The "StudyGuide" website offers 12 courses on the subject of the Holocaust by Bullets in the occupied territories of the Soviet Union. Each course deals with a witness and the content of his/her testimony. Interviews with witnesses offer a personal insight into various forms of the Holocaust in Eastern territories, with the interviewees themselves providing access to the topic. Aware that the Holocaust by Bullets in Eastern Europe represents a chapter in the history of National Socialism that is still far less in the focus of history lessons due to the limited research base, the StudyGuide is created to assist educators teaching about this specific topic with incorporating first-hand accounts of witnesses and Yahad – In Unum’s research results into their curriculum in diverse ways.
Based on the content of the interview, each course contains six sections that place the content of the video in its historical and social context.
The first section summarises the most important information about the eyewitness in form of a profile. This gives the student a brief overview of the name, place and year of birth, the year the interview was recorded and a link to a corresponding entry on the YahadMap, the interactive map of Yahad-In Unum, on which all the sites can be found, where interviews have been recorded since the start of the research, until today, in ten countries (Ukraine, Russia, Belarus, Poland, Romania, Moldova, Lithuania, Latvia, Estonia, Slovakia).
In the second section, the background to the crimes of the Nazis and their auxiliaries described by the witness in their birthplace is presented. Specific dates and facts are given that also relate to the eyewitness and their background. This section is accompanied by a series of pictures of the witness as well as their house or village, which should give the student a more concrete picture of the person they will be dealing with in the following.
A glossary is attached to explain the new vocabulary and help the students to understand specific terms and details that characterised the region at that time, mentioned in the text or the interview.
The third section contains the central part of the course: an interactive questionnaire that gives the student the opportunity to test which details and content have been retained when reading the material. The questionnaire is designed so that it can be downloaded as a PDF after completion.
The following sections can be seen as additional information.
They first deal with information about the (Jewish) history of the town before the Nazi invasion. These facts are illustrated by pictures of historical sites within the village, as well as records from both German and Soviet archives.
Each course concludes with a series of photos taken of the witness during the interview with Yahad-In Unum.
All profiles offer a variety of confidential primary and secondary sources that must be consulted to answer the questions. While the primary sources are based exclusively on Yahad- In Unum's research, secondary sources such as JewishGen, YadVashem or the USHMM (United States Holocaust Memorial Museum) are included to provide a reliable source basis for the historical notes.
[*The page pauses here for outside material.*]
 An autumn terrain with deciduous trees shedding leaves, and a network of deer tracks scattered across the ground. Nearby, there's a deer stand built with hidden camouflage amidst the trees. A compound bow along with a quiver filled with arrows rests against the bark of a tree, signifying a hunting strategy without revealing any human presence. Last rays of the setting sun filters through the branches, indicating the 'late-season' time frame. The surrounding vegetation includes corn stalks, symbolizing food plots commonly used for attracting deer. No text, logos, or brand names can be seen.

As the student has to deal with these sources in order to answer the questionnaire, he/she finds him/herself in the position of the investigator.
On the one hand, the objectives of these educational materials are pedagogical in nature. The didactic strategy of cross – referencing the sources, allows the students to learn didactic skills that make different intellectual demands on them than those of everyday school lessons. Furthermore it is created to support students in developing a differentiated approach and an understanding of well-founded sources.
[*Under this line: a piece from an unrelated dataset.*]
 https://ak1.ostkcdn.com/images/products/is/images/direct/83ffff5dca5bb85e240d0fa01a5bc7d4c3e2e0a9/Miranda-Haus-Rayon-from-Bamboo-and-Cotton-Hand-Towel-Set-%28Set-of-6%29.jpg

On the other hand, Yahad - In Unum’s work is about preserving memory. Not only of the fate of thousands of Jewish communities murdered during the Holocaust in the Eastern European territories, but also of the crimes committed by the Nazi units in these areas against other persecuted groups, including the Roma population, Soviet prisoners of war and psychiatric hospital patients.
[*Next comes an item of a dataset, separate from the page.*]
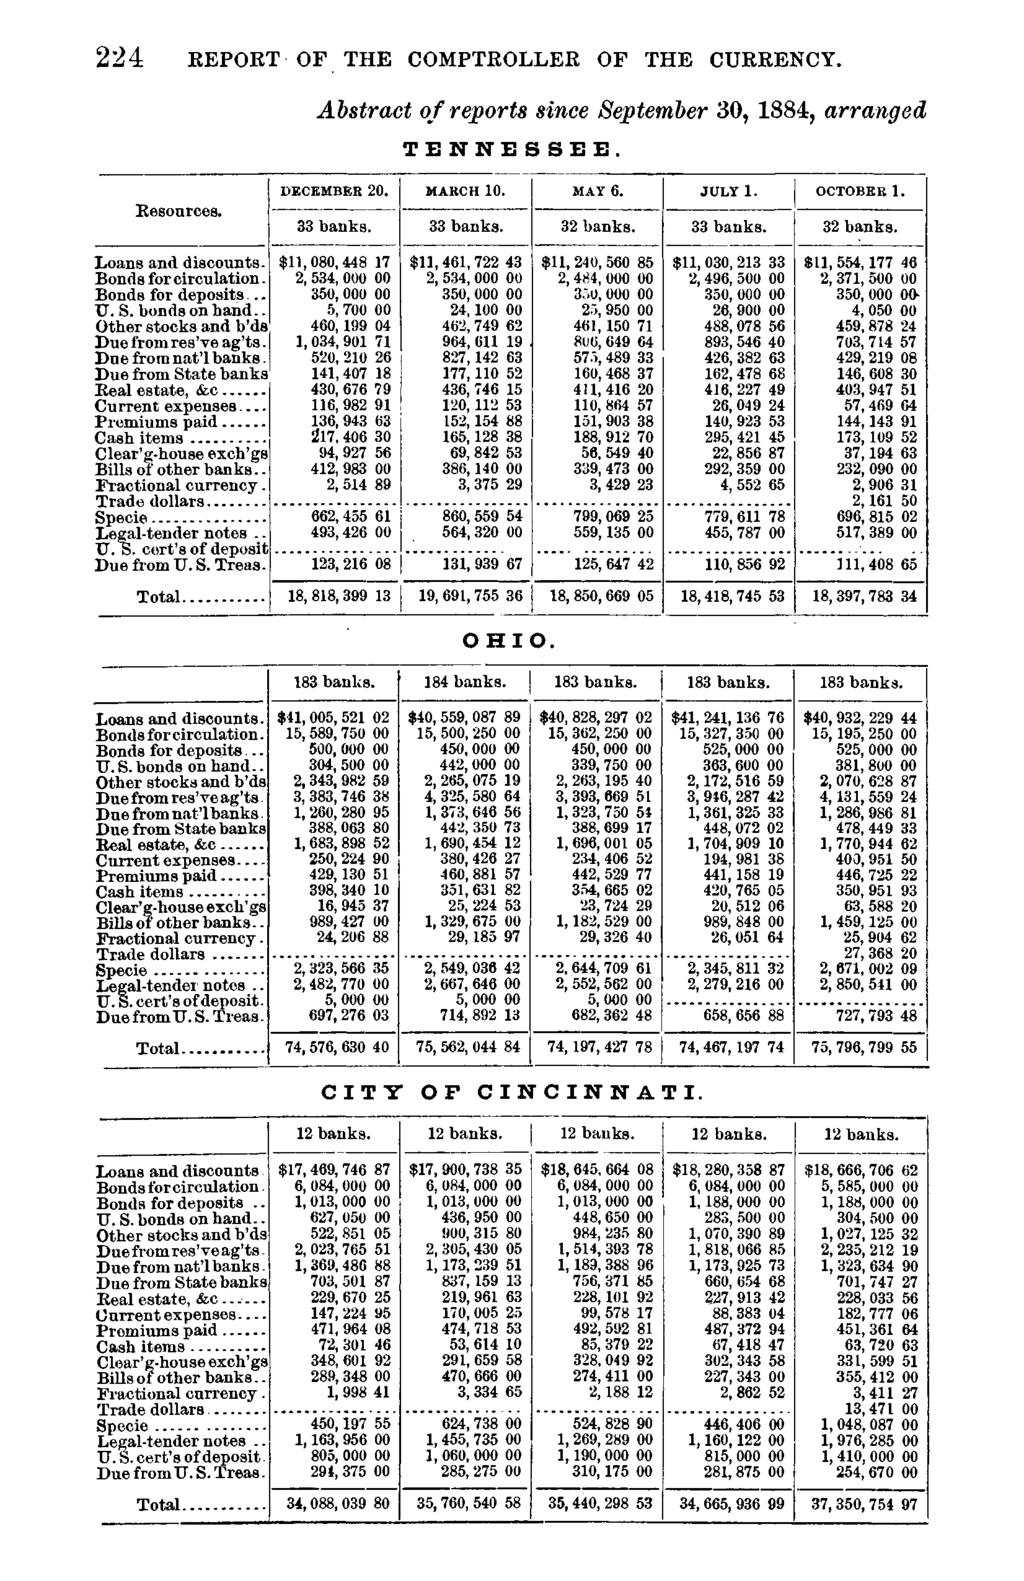 224 REPORT OF THE COMPTROLLER OF THE CURRENCY. Abstract of reports since September 30, 1884, arranged TENNESSEE. Resources. Loans and discounts. Bonds for circulation. Bonds for deposits.. U. S. bonds on hand.

We recently experience, that this investigative work is now a race against time. Local witnesses are often the last people able to locate the sites. They are very old and increasingly scarce.
The association has set itself the goal of passing on this valuable knowledge to young people in order to prevent the memory from fading as the communities disappear.
We see it as our task to raise awareness among the younger generations of the dangers of racism, antisemitism, and extremism in order to combat the constant growth of current and future movements of this nature.